Edge Cases & Pitfalls

  • Single vertex, no edges — one SCC of size 1.
  • Self-loop v → vv is its own SCC, but it does contain a cycle; size-1 SCC with a self-loop counts as cyclic.
  • DAG (no cycles) — every SCC has size 1; there are exactly V SCCs.
  • Disconnected graph — multiple DFS roots; the outer loop handles it.
  • Parallel edges / duplicate edges — harmless; the on-stack check still works.
  • Empty graph (V = 0) — zero SCCs; guard the outer loop.

Common Mistakes

  1. Using low[v] for an on-stack edge. The rule is low[u] = min(low[u], disc[v]) for back/cross edges. Using low[v] can wrongly merge separate SCCs.
  2. Forgetting the onStack check. An edge to a vertex in an already-finished SCC must be ignored, not used to update low.
  3. Not clearing onStack on pop. Leaves stale flags and corrupts later components.
  4. Only running DFS from vertex 0. Misses vertices unreachable from the start.
  5. Confusing the recursion stack with the explicit SCC stack. They are two different stacks; Tarjan needs the explicit one.
  6. Assuming SCCs come out in topological order. They come out in reverse topo order; reverse the list if you need forward order.

Cheat Sheet

Item Value
Time O(V + E)
Space O(V) (Tarjan), O(V + E) (Kosaraju)
Passes 1 (Tarjan), 2 + transpose (Kosaraju)
SCC root test low[u] == disc[u]
Tree-edge rule recurse, then low[u] = min(low[u], low[v])
On-stack-edge rule low[u] = min(low[u], disc[v])
Closed-component edge ignore
Output order reverse topological order of condensation
Cycle exists? any SCC size ≥ 2, or a self-loop
Strongly connected? exactly one SCC

Pseudocode skeleton:

dfs(u):
    disc[u] = low[u] = idx++; push u; onStack[u] = true
    for v in adj[u]:
        if disc[v] == -1:        dfs(v); low[u] = min(low[u], low[v])
        elif onStack[v]:         low[u] = min(low[u], disc[v])
    if low[u] == disc[u]:
        pop until u → one SCC

Visual Animation

See animation.html for an interactive visualization of Tarjan's algorithm.
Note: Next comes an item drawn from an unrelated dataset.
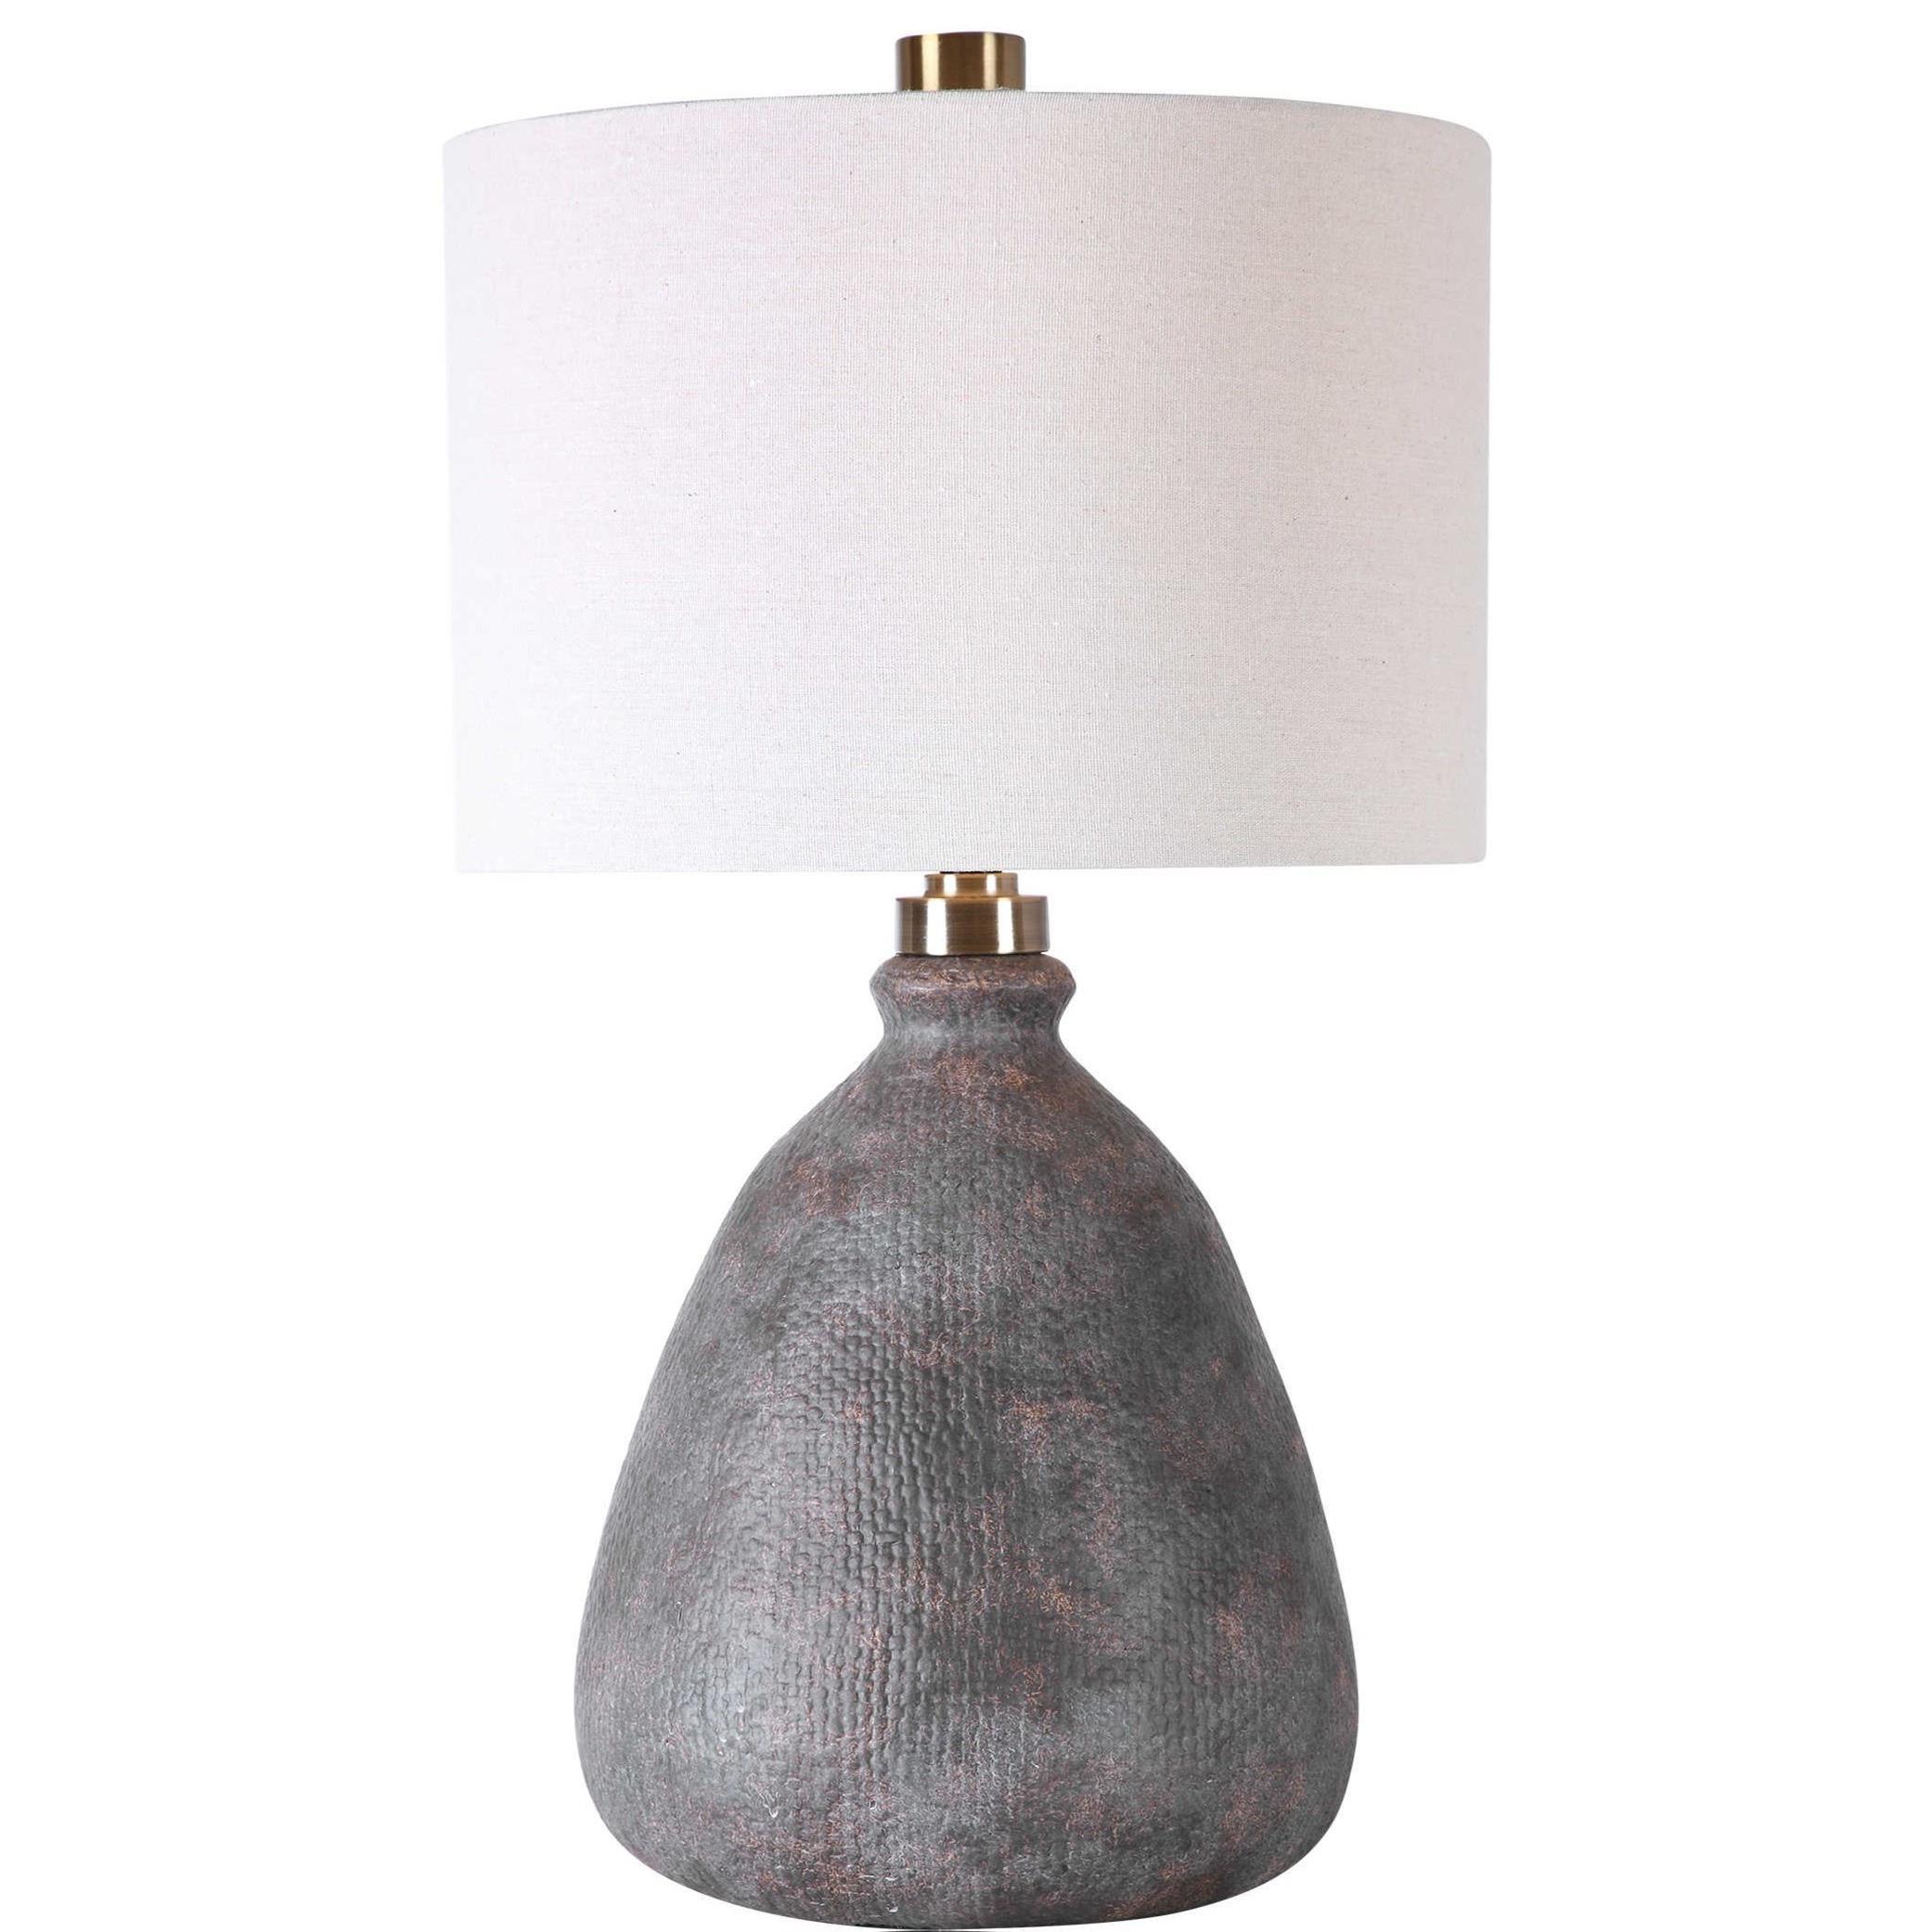 Bandera Distressed Table Lamp

The animation demonstrates: - DFS exploring a small directed graph, with disc/low labels updating live - The explicit stack growing and shrinking, with on-stack vertices highlighted - Back edges turning a vertex's low down to an ancestor's disc - SCCs getting a distinct color the moment a root pops them off - Step / Run / Reset controls to move at your own pace


Summary

A strongly connected component is a maximal set of mutually reachable vertices in a directed graph. Tarjan's algorithm finds all SCCs in a single O(V + E) DFS by maintaining disc[v] (discovery order), low[v] (the oldest reachable open vertex), and an explicit stack of open vertices. The two lowlink rules — inherit low[v] across tree edges, take disc[v] for edges to on-stack vertices — and the root test low[u] == disc[u] are the entire algorithm. Master those, and cycle detection, 2-SAT, condensation, and dependency analysis all fall out for free.


Further Reading

  • R. Tarjan, Depth-First Search and Linear Graph Algorithms, SIAM J. Computing, 1972 — the original paper.
  • Introduction to Algorithms (CLRS), Chapter 22 — "Strongly Connected Components" (presents Kosaraju).
  • cp-algorithms.com — "Strongly Connected Components and Condensation Graph."
  • Sedgewick & Wayne, Algorithms (4th ed.), §4.2 — directed graphs and SCCs.
  • visualgo.net — "Graph Traversal (DFS/BFS)" and SCC visualizations.